Avukat Ziya Kara, 2 sayfalık dilekçesinde 17 sanığın kuvvetli suç şüphesiyle uzun süredir tutuklu olduğunu belirtti. Dilekçede, "Yargı makamlarınca tutukluluk tedbirinin özensiz kullanıldığı konusunda kamuoyunda güçlü bir kanaat oluşmuş, bu durum kamu vicdanını rahatsız eder boyuta ulaşmıştır. Bunun sonucu olarak yasama organı bu durumu telafi edici ve tutuklamanın en son başvurulması gereken bir tedbir olmasını temin bakımından ’3. Yargı Paketi’ olarak bilinen 6352 sayılı yasayı çıkarmış, bu yasa 5 Temmuz 2012 günü Resmi Gazete’de yayımlanarak yürürlüğe girmiştir" ifadelerine yer verildi.

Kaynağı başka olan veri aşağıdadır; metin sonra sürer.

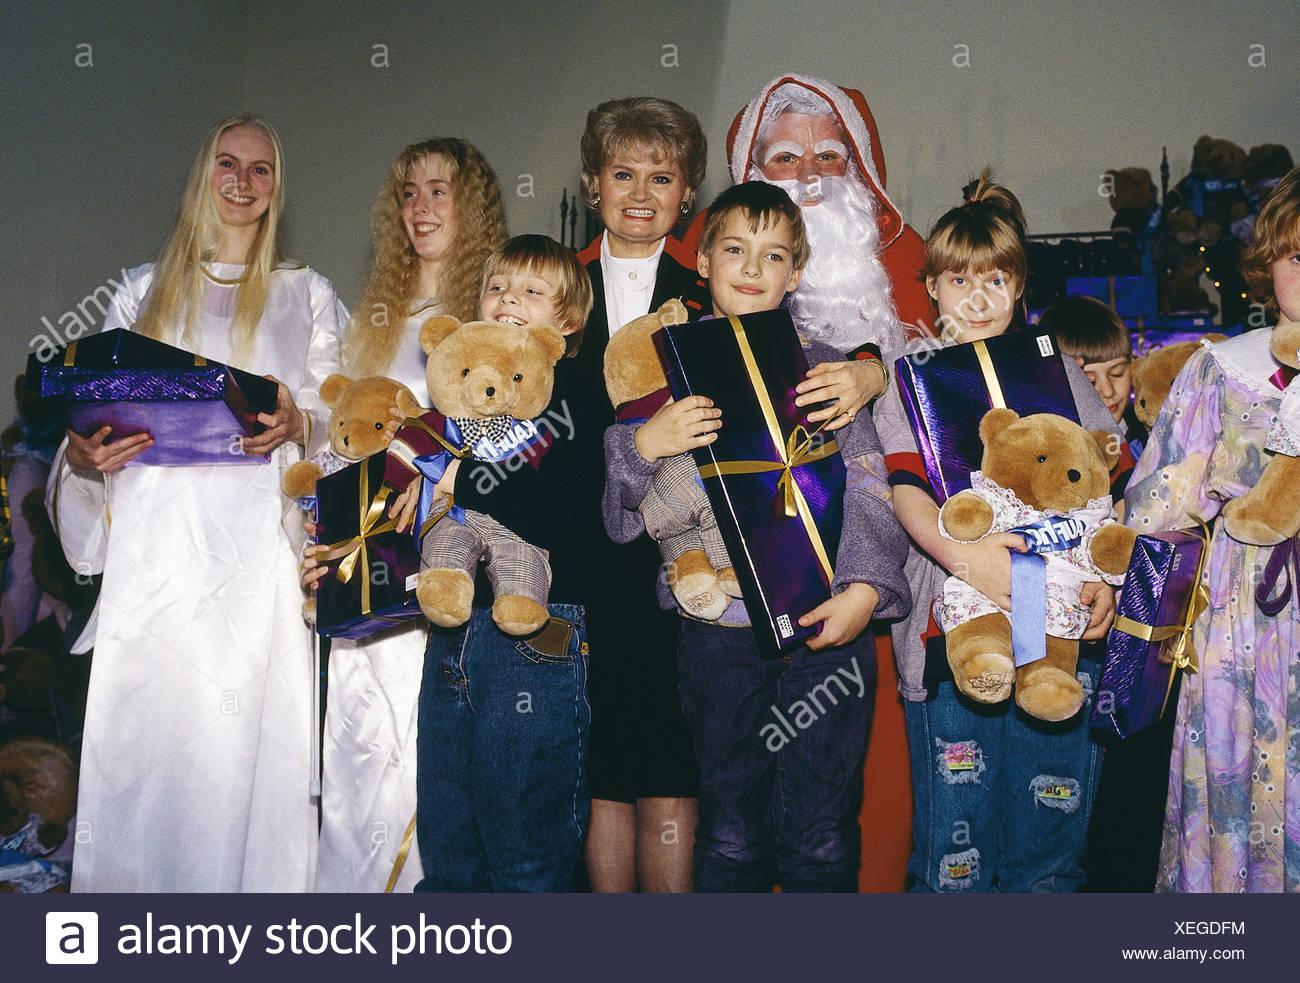 Kohl, Helmut, * 3.4.1930, German politician (CDU), his wife Hannelore, half length, on advent celebration in children hospital W Stockbild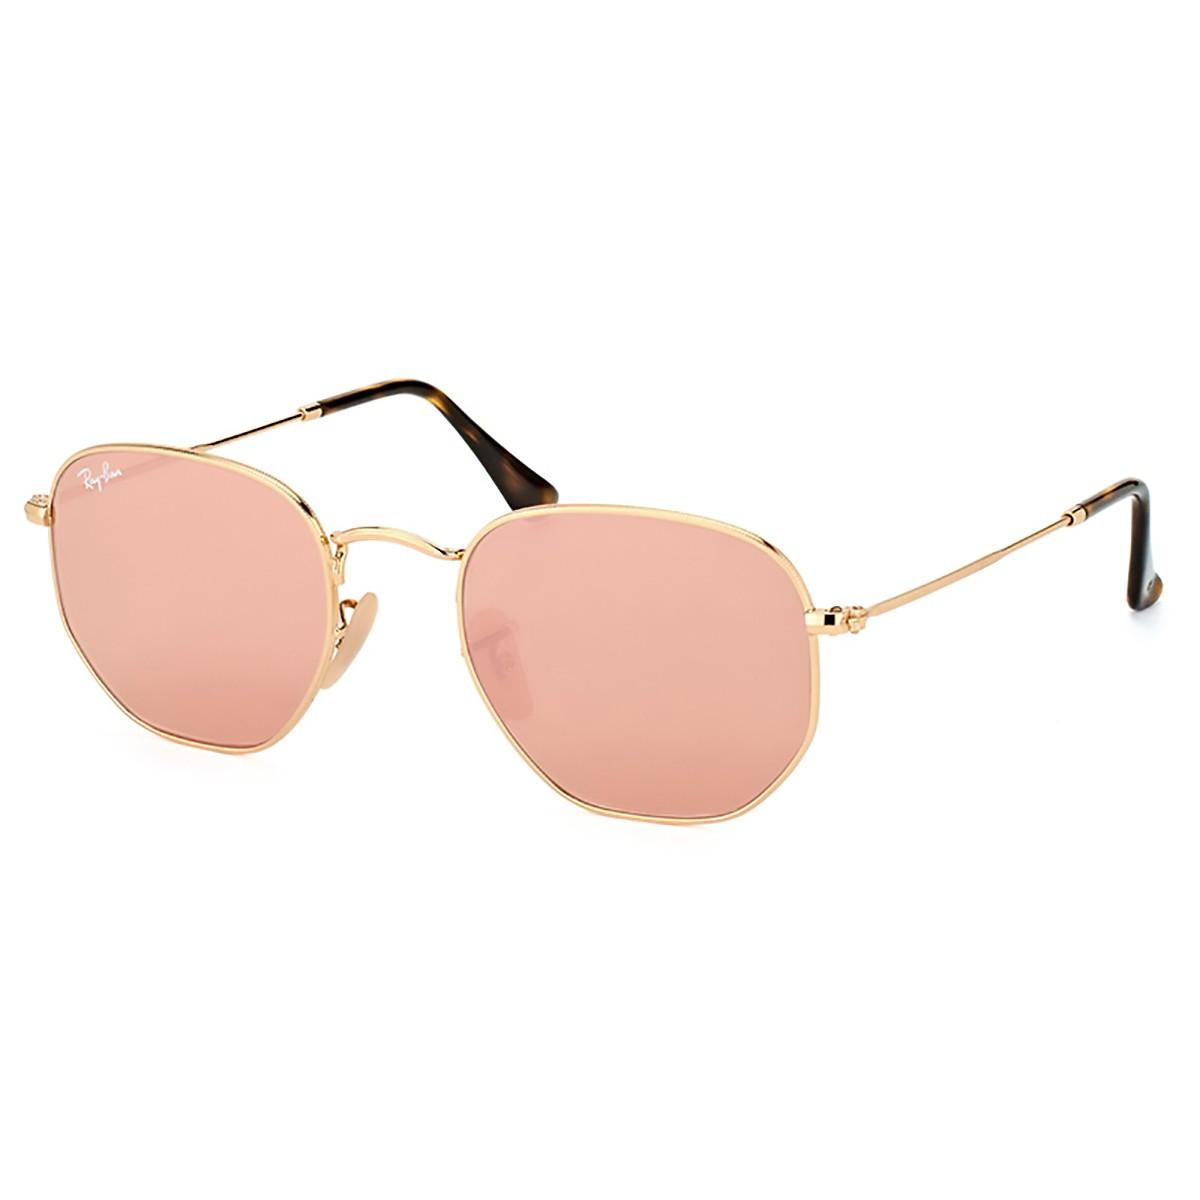 1bef102dd75cf Compre Óculos de Sol Ray Ban Hexagonal em 10X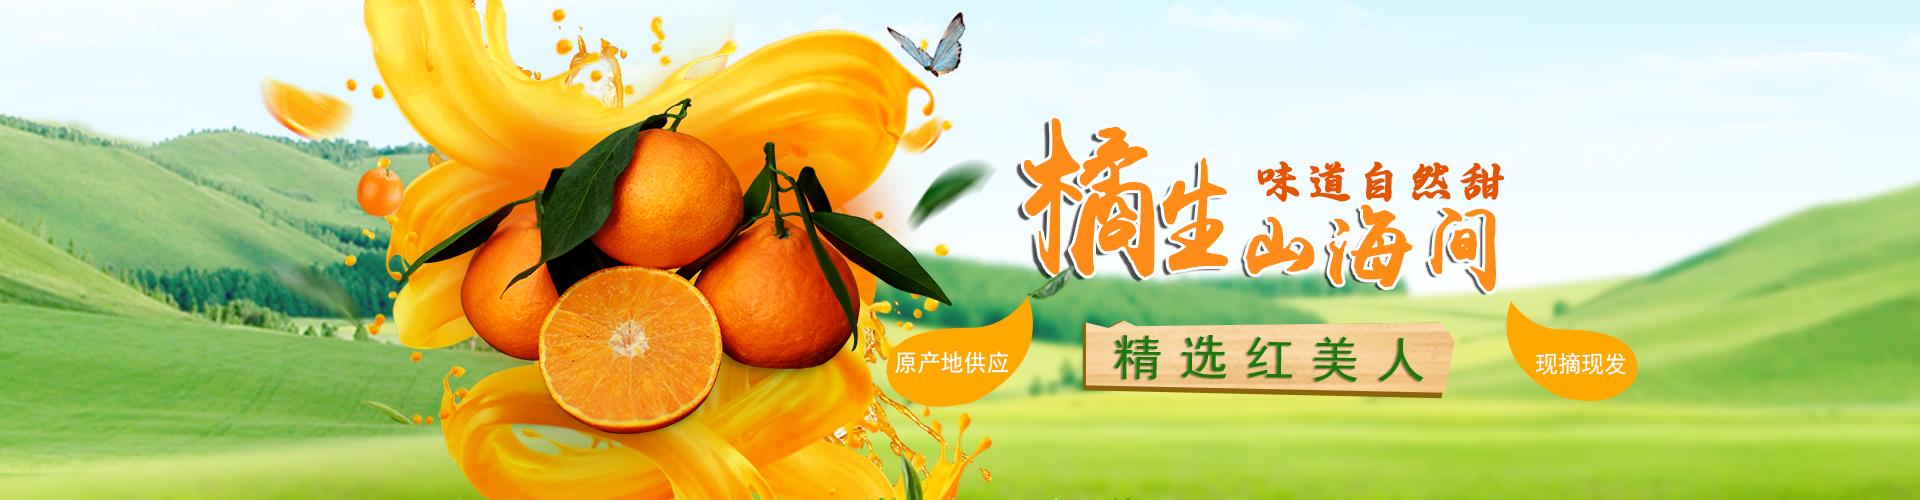 http://www.xiangshanhongmeiren.com/data/upload/202011/20201119155458_252.jpg

Söz konusu yasayla yapılan değişikliklerin açıklandığı dilekçede, "Bu değişiklikle daha önce üst sınırı 3 yıl olan suçlar için uygulanması mümkün olan adli kontrol altına alma tedbirleri tüm suçlar için uygulanabilir hale gelmiştir. Yani bu değişiklikle adli kontrol tedbiri alma yönünden suç için öngörülen cezanın üst sınırı kaldırılmıştır" denildi.
ODATV'DE DE TAHLİYE TALEBİ GELDİ
Odatv davası kapsamında tutuklu yargılanan Soner Yalçın, Barış Terkoğlu ve Barış Pehlivan'ın, bugün yürürlüğe giren 6352 sayılı yasa kapsamında adli kontrol tedbiri uygulanarak tahliye edilmesi talep edildi.

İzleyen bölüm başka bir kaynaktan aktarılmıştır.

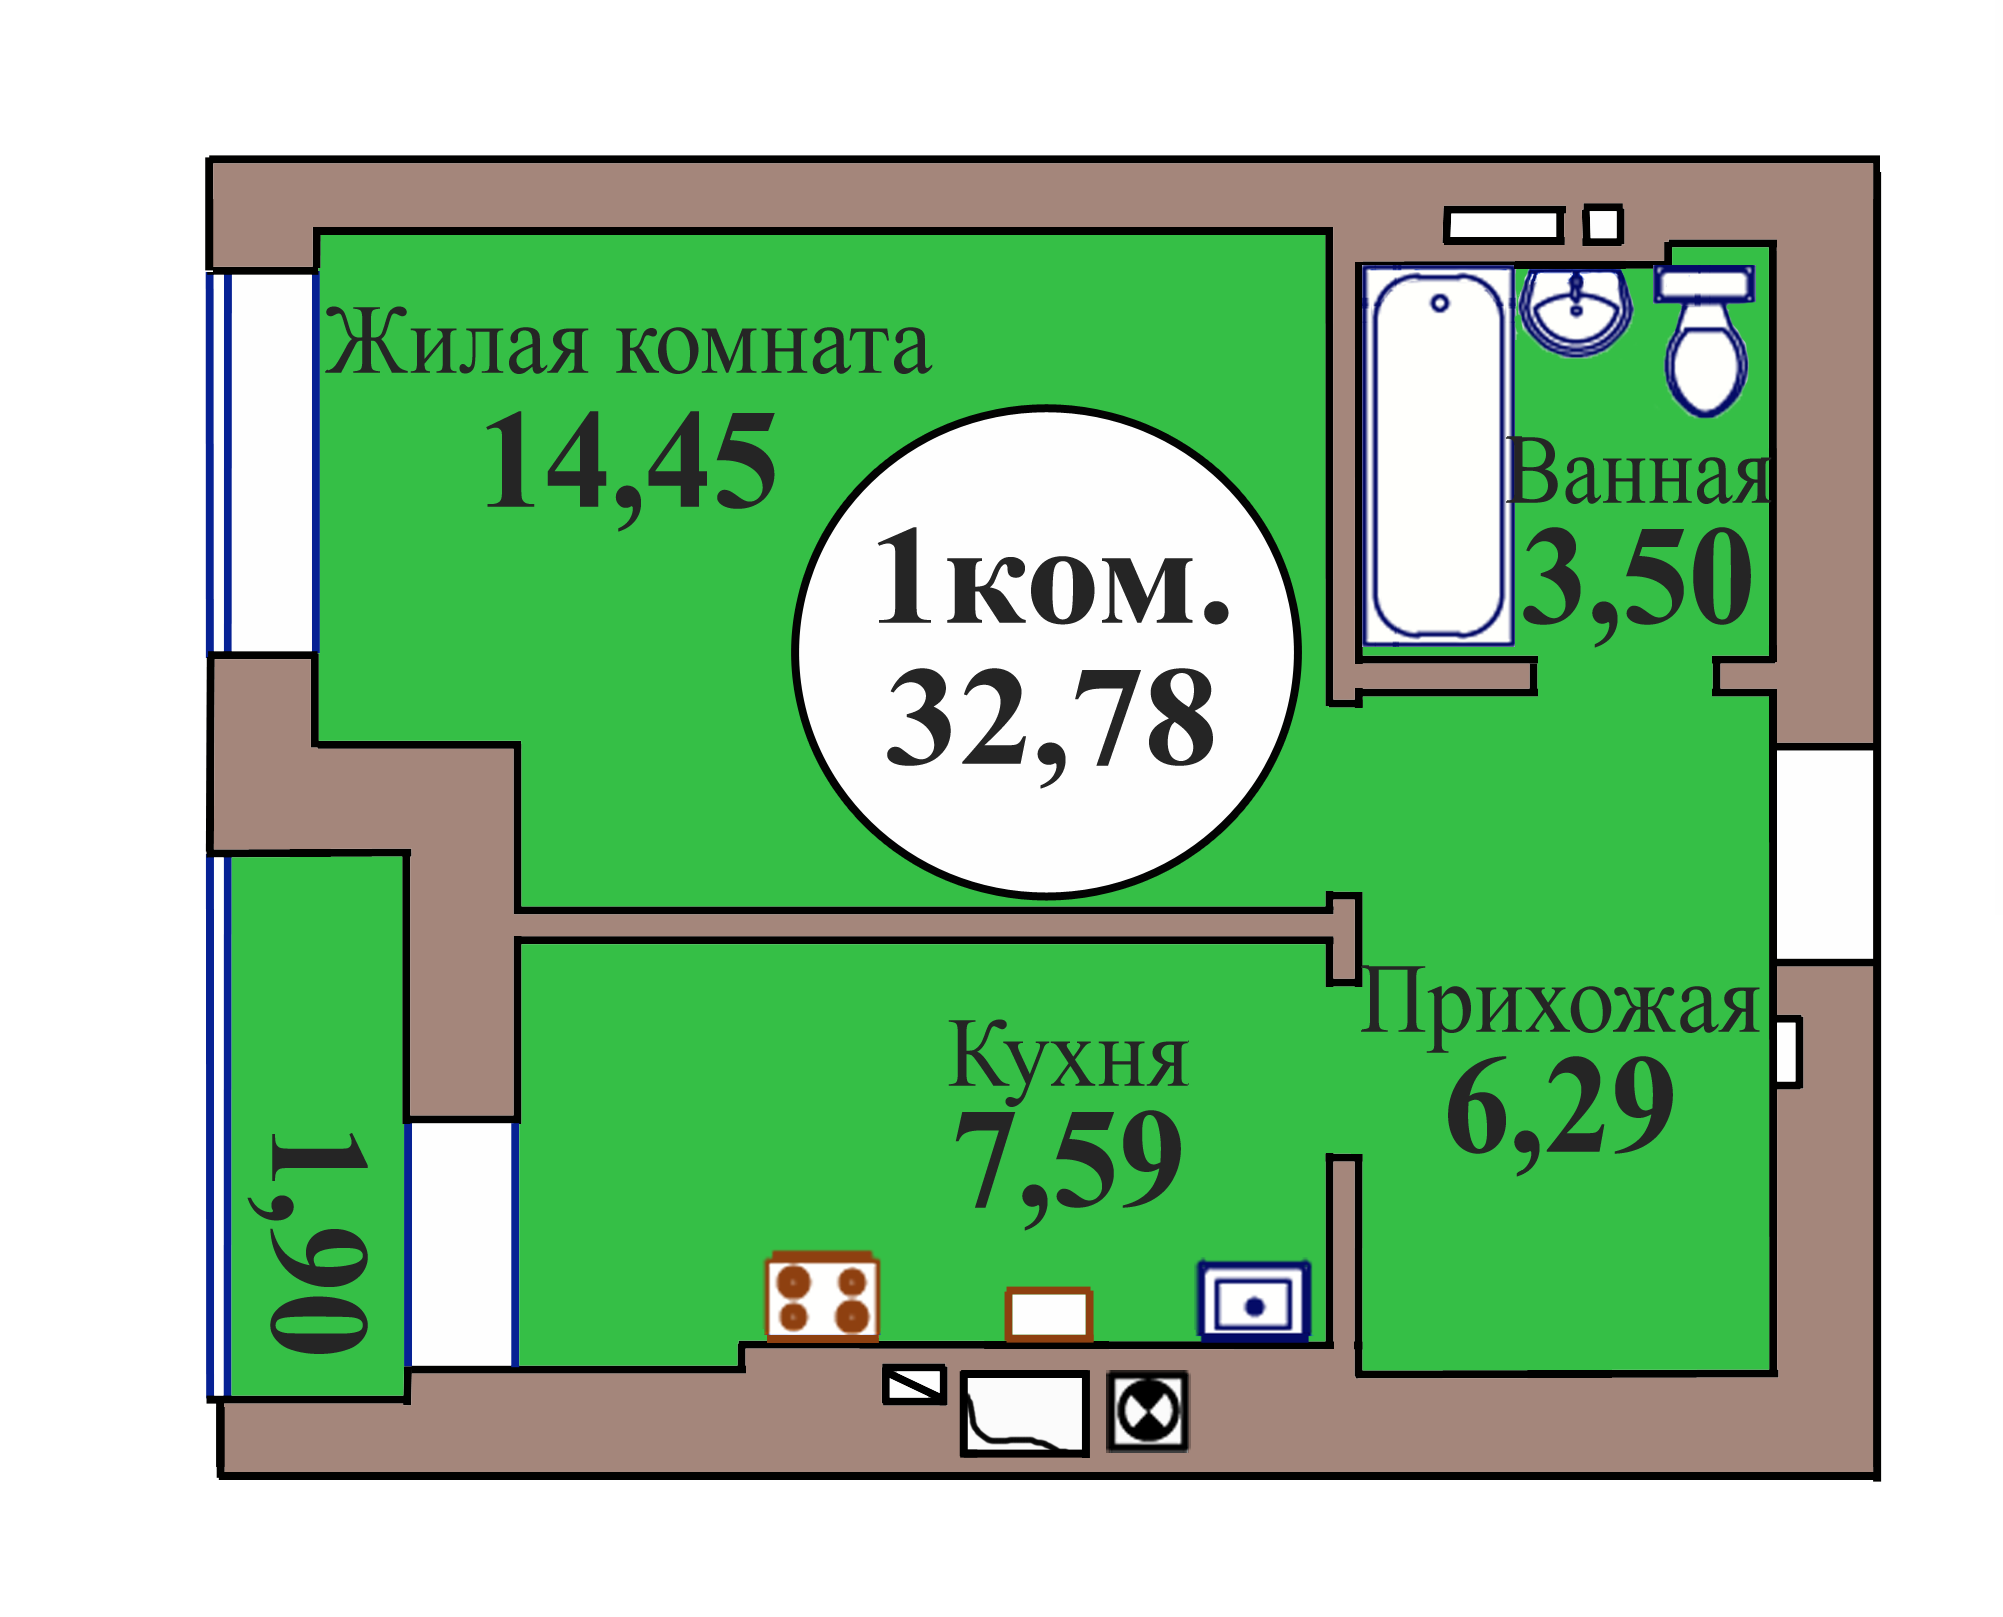 1-комн. кв. по пер. Калининградский, 5 кв. 67 в Калининграде

Çağlayan'daki İstanbul Adalet Sarayı'na gelen Yalçın, Terkoğlu ve Pehlivan'ın avukatı Hüseyin Ersöz, davanın görüldüğü İstanbul 16. Ağır Ceza Mahkemesi'ne dilekçe sundu.
Dilekçede, CMK'nın 109. maddesinin, bu sabah yürürlüğe giren 6352 Sayılı Kanun'un 98. maddesiyle değiştirildiği hatırlatılarak, değişiklikle adli kontrol tedbirinin 3 yıllık üst sınırının kaldırıldığı ve adli kontrol tedbirinin artık tutuklamanın alternatifi sayıldığı ifade edildi.
“Yasa koyucu, tutuklanmayı suçun niteliği ve önemine bakmaksızın geçici bir tedbir olarak saymakta ve tutuksuz yargılama yöntemini benimsemektedir” ifadesi kullanılan dilekçede, söz konusu yasal değişikliğin, yasa koyucunun iradesinin açıkça özgürlük hakkının en geniş şekilde yorumlanmasından yana olduğunu gösterdiği vurgulandı.
Tutuklamanın artık son çare olarak görülmesi gerektiği savunulan dilekçede, daha önce çıkarılan elektronik kelepçe düzenlemesi ve adli kontrol sistemiyle yaptırımın infazının sağlanabileceği de dile getirildi.